Austin has new building requirements to curb wildfire risk

Austin

AUSTIN (KXAN) — Since January, the City of Austin has had new rules in place for certain construction and remodeling in an effort to prevent wildfires. Austin adopted the Wildland Urban Interface Code (or WUI Code) last spring and began implementing the code at the start of the year, a move which the city says makes Austin the largest major city in Texas to adopt such a code.

These codes are already commonplace in fire-prone areas of California, and Austin fire leaders believe adding these requirements is essential to reduce the risk of fires in Central Texas.

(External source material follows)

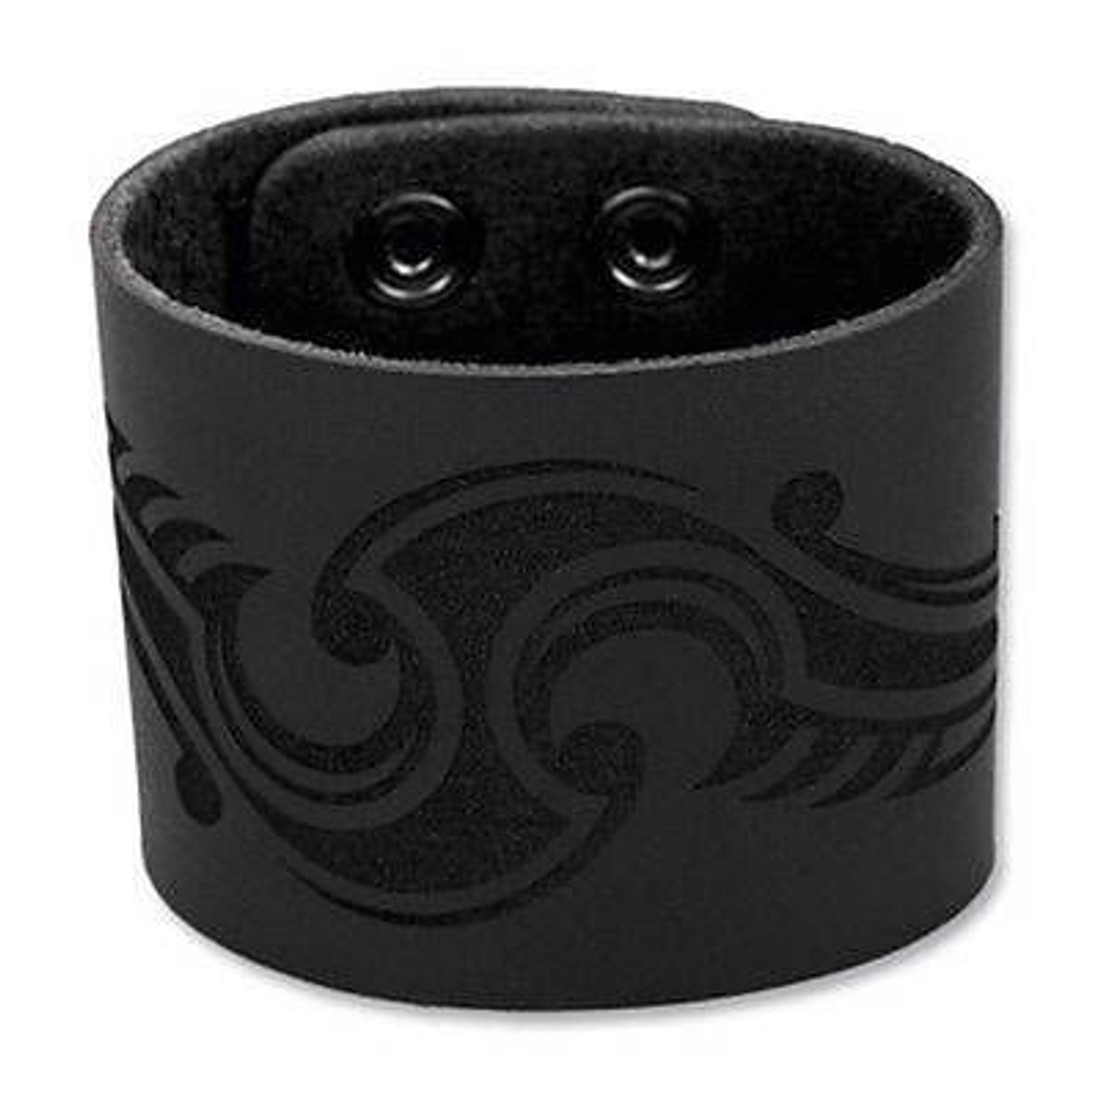 Bico black leather cuff bracelet.

Austin’s WUI code requirements in the city apply to new construction, additions and remodels in the area within 150 feet of a 40-acre or larger wildland area, or within 1.5 miles of a 750-acre or larger wildland area. The code does not apply to existing structures, though Austin Fire Department is working to educate people who live in the code’s footprint about how they can reduce their risk.

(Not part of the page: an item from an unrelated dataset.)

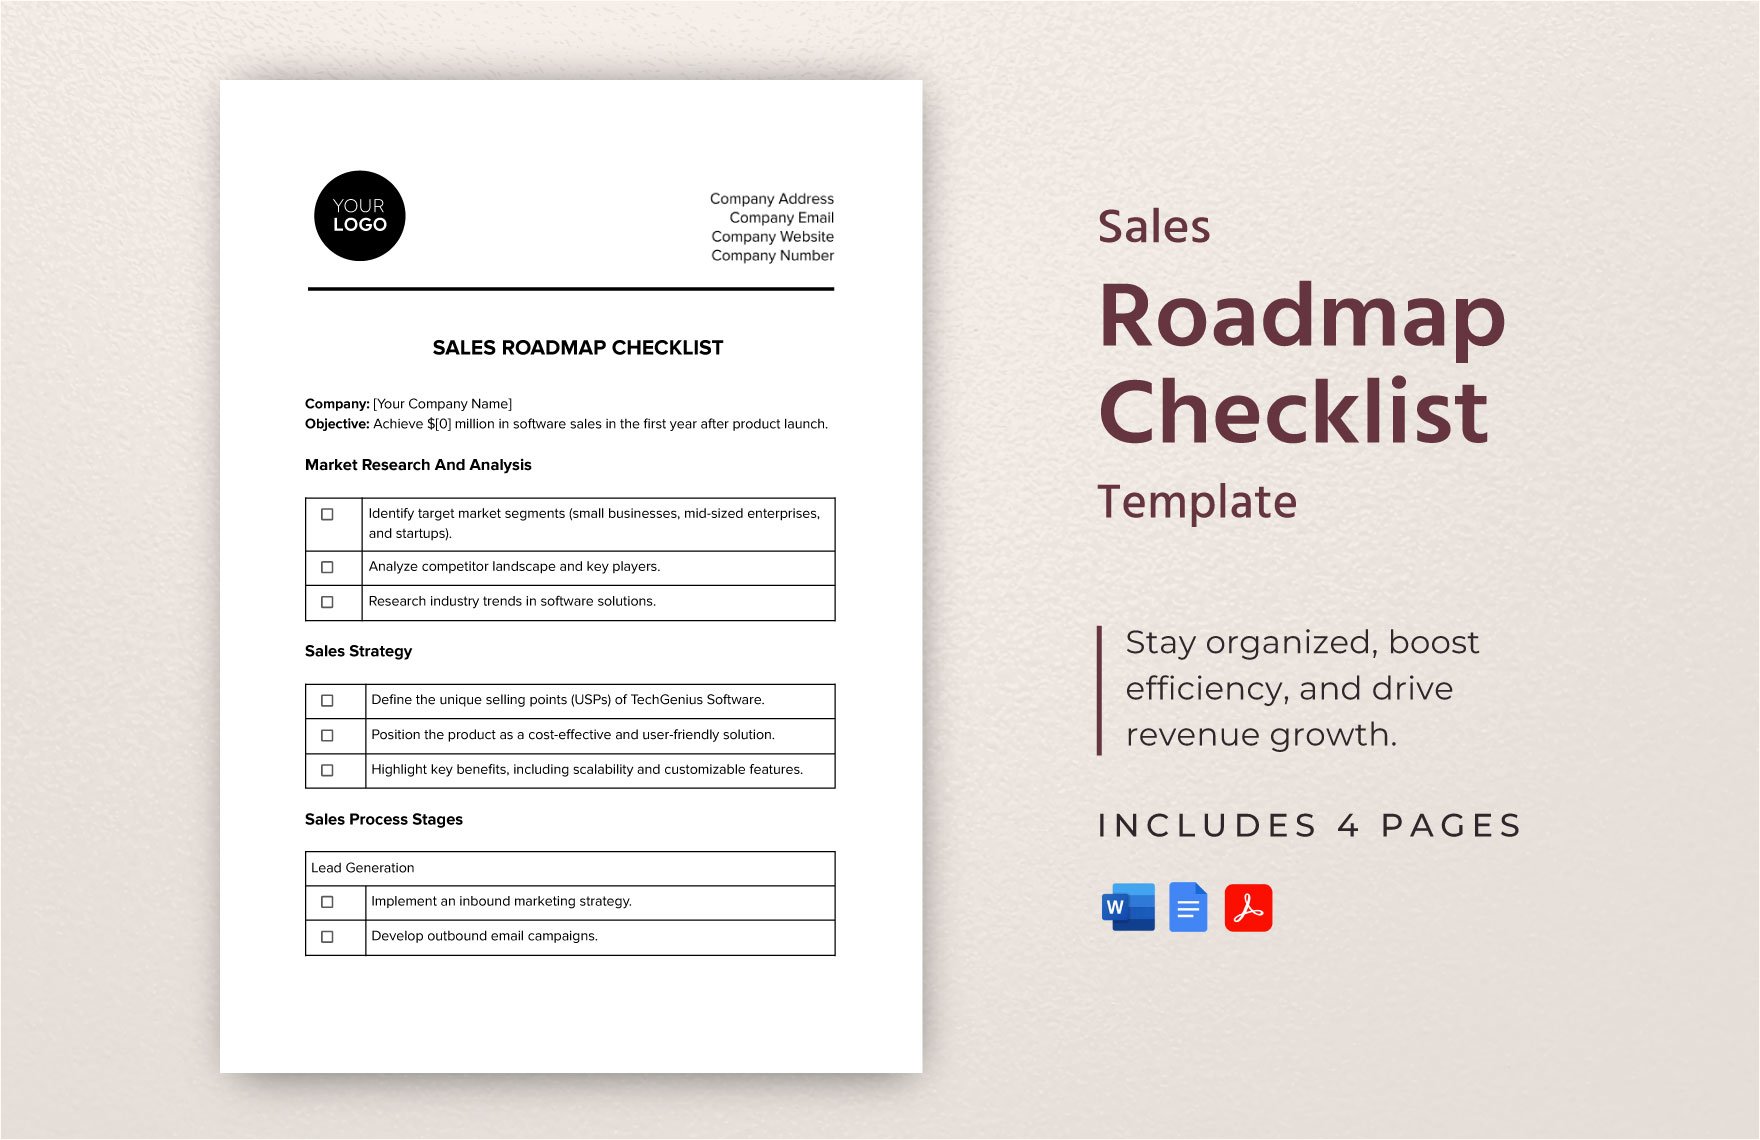 Sales Roadmap Checklist Template

The city says more than 60% of current structures in Austin are found within 1.5 miles of the WUI, with more buildings being built in that area every day. The City of Austin’s website also states that around 40% of Austin’s land area will be covered by the code.

You can read the full code here.

A map from Austin Fire Department of the Wildland Urban Interface Areas. Map from January 2020.

Austin’s fire risk

Austin and Central Texas face serious fire risks due to the combination of vegetation right next to populated urban areas. In fact, a 2019 CoreLogic report ranking the top 15 metropolitan areas for wildfire risk based on reconstruction cost value, the Austin area was ranked the fifth-highest risk in the country and was the only metro area in the top five outside of California.

CoreLogic notes that large and populous areas are at disproportionately high risk for the greatest loss potential from wildfires.

A table from a CoreLogic 2019 report showing fire risk in US metro areas based on estimated reconstruction cost.

How the code works

Austin’s fire leaders say the code is designed to ensure businesses and places where people live near wildland areas are protected from the next big fires.

In order for new construction projects or remodels which fall into the WUI area to obtain permits, the Austin Fire Department has to verify that these projects and properties are compliant with the code.

The code includes aspects like requiring buildings within 50 feet of vegetation that could fuel a fire to have exterior walls constructed of certain fire-resistant, non-combustible, or fire-retardant materials.

While the code went into effect on January 4, 2021, Division Chief Tom Vocke, Fire Marshal, explained “there have been some rollbacks in implementation.”

“Just common sense things where we’re working with home builders and some of the residential structures where we’re trying to make sure we’re implementing it fairly in a way that makes sense on the timeline that makes sense,” Vocke added.

“We’re looking to harden the structure to ensure when a fire does occur that its a lot less likely that we have spread to the structures and from structure to structure as well,” he explained, noting that most structure fires are started by embers spreading.

If you live in the WUI area but are not creating any new buildings or doing any remodeling, you don’t need to make any changes. But Austin’s Wildfire Mitigation division may visit your community to share some tips about how to reduce fire risk.

“We should worry about it because the science and our assessment tells us that Austin is one of the most at risk municipalities in the country,” noted Justice Jones, Austin’s Wildfire Mitigation Officer.

“Our public has been asking for something to help protect them from wildfire and we know this is the most strategic and sustainable way we can do that,” Jones added.